▶ _PROBLEM_
Scan the listing and copy each line where the word "Stock" is present.

== STORED DATA ==

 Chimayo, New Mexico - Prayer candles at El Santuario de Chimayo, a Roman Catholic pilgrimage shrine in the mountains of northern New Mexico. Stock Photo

===
== STORED DATA ==

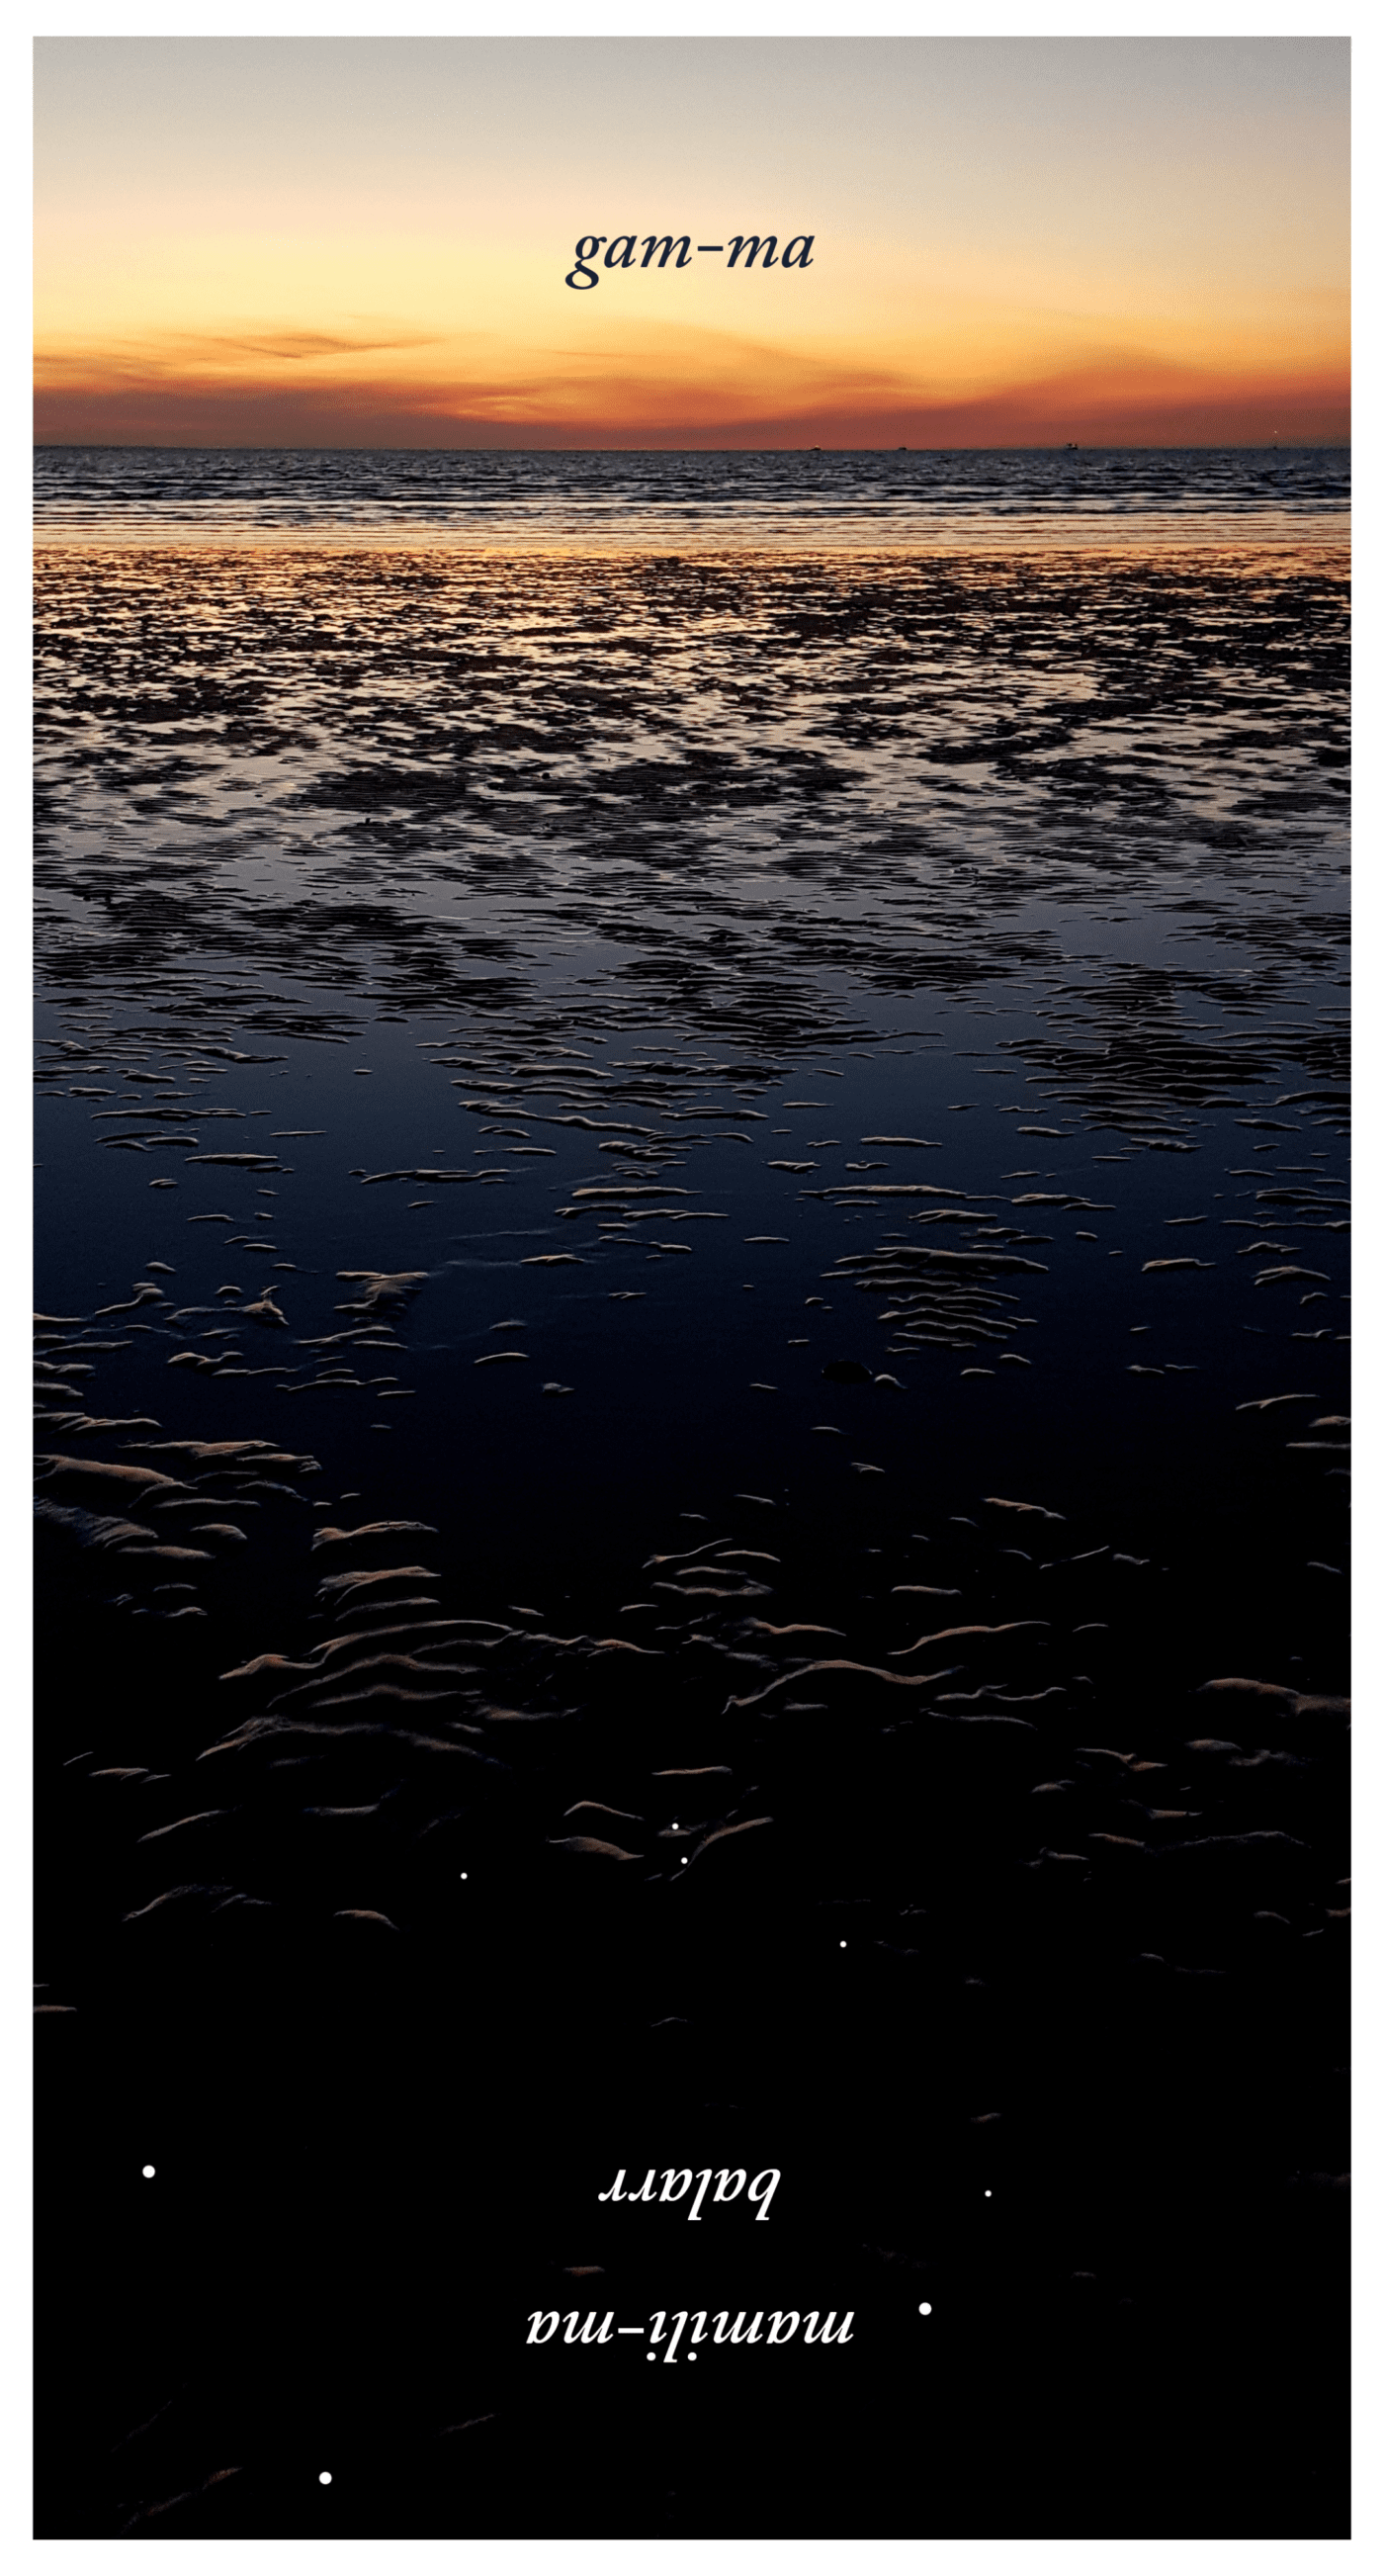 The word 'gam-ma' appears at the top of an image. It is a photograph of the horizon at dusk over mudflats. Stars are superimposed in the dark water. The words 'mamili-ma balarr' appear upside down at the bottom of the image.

===
== STORED DATA ==

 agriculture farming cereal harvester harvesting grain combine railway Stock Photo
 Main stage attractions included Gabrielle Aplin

===

▶ _THE COMPLETED TASK_
 Chimayo, New Mexico - Prayer candles at El Santuario de Chimayo, a Roman Catholic pilgrimage shrine in the mountains of northern New Mexico. Stock Photo
 agriculture farming cereal harvester harvesting grain combine railway Stock Photo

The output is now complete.